The two previous occasions when Indians had to grapple with so many zeroes were first, when Modi promised to bring back all the black money stashed abroad and deposit Rs15 lakh each to the account of every Indian; and second when zeroes were floating all over the place when the losses in the 2G Spectrum scam were being estimated. Enterprising Indians tried to put down these numbers to the last zero, but met with zero success. But apparently, some kind of consensus emerged, with two widely divergent numbers being quoted: Rs 11 lakh crore and Rs 22 lakh crore of black money lying in secret foreign bank accounts. The 2G spectrum notional loss, version I.0, was Rs1.7 lakh crore, as estimated by the CAG, but in version II.0, it became another powerful zero.

We must thank our stars that the annual health coverage in Jaitley’s grand scheme has been pegged at only Rs5 lakh; he could have even made it Rs 10 lakh as he had no constraints about the number of zeroes to be used. That would have set us chasing the planets, following the trail of our ancient sages, who invented the zero so that they could record the distance between sun, earth, moon and other planets.

And now back to some earthly numbers. Theories abound on the allocation made for Modi-care in the budget. While making the budget speech, Arun Jaitley only said adequate resources would be found to implement the scheme. One estimate puts the allocation as Rs 2000 crore, which would provide for a per capita premium of Rs 40 per year. But that is too little for the kind of coverage that Jaitley had in mind, or his budget made it appear. New India Assurance chairman G Srinivasn has estimated that the average premium required to provide Rs 5 lakh coverage for each of the 10 crore families would be in the range of Rs 4,000 and Rs 5,000. That would work out to Rs 40,000 crore to Rs 50,000 crore per year. As against this, the total allocation for the health sector in this year’s budget is only Rs 56,226 crore, an increase of just 12 percent over the previous year. Embarrassed by a general feeling that the cat is out of the bag, Niti Aayog did some quick fire fighting by working out, within a day of the announcement of the plan, a premium of Rs1,000 to Rs1,200 per family.
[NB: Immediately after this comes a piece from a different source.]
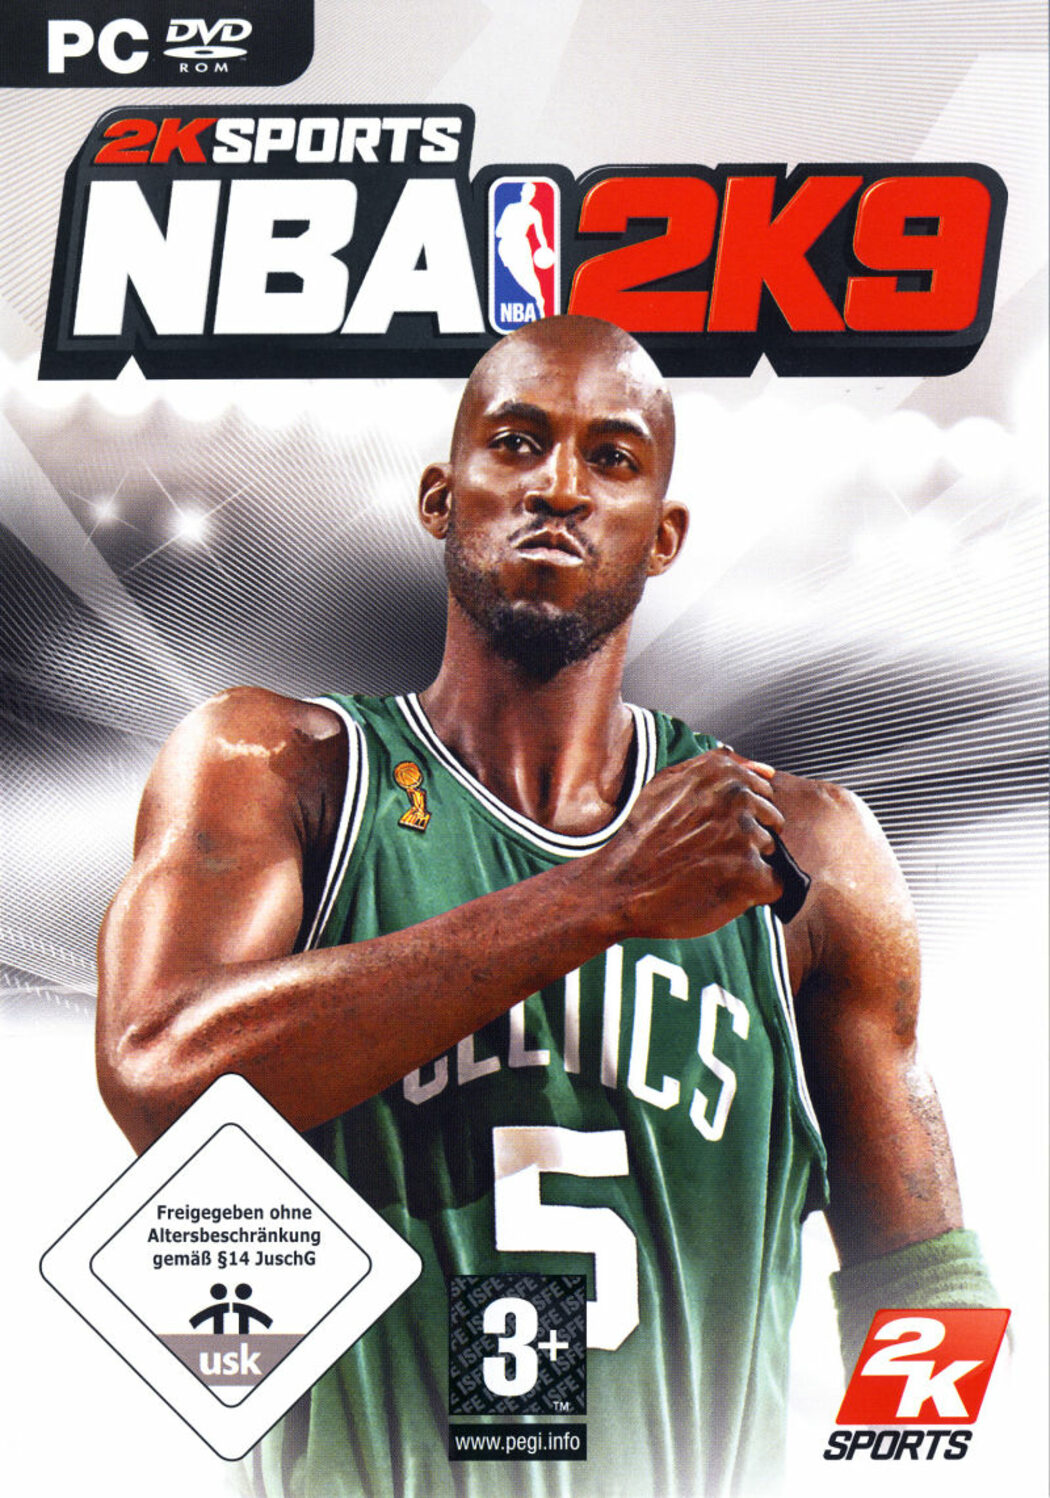 NBA 2K9 Demands Non-Existent CD Key To Install; Steam Offers Fix

It further clarified that the plan will be funded in 60:40 ratio by the Centre and the states and that the outgo will be Rs 10,000 crore to Rs 12,000 crore for the Centre every year.

But, if resources are to be found for the new plan from the existing allocations, there will virtually be a few zeroes left for other programmes, of which there are plenty in the new budget. The new plan will replace the Rashtriya Swasthya Bima Yojana (RSBY), which used to provide an annual coverage of Rs 30,000. A similar proposal for health coverage of one lakh rupees was mooted in last year’s budget, but it never took off. If October 2 is the target rollout date, it is doubtful whether the much-trumpeted scheme would yield the desired political dividend for the ruling alliance in time for the elections.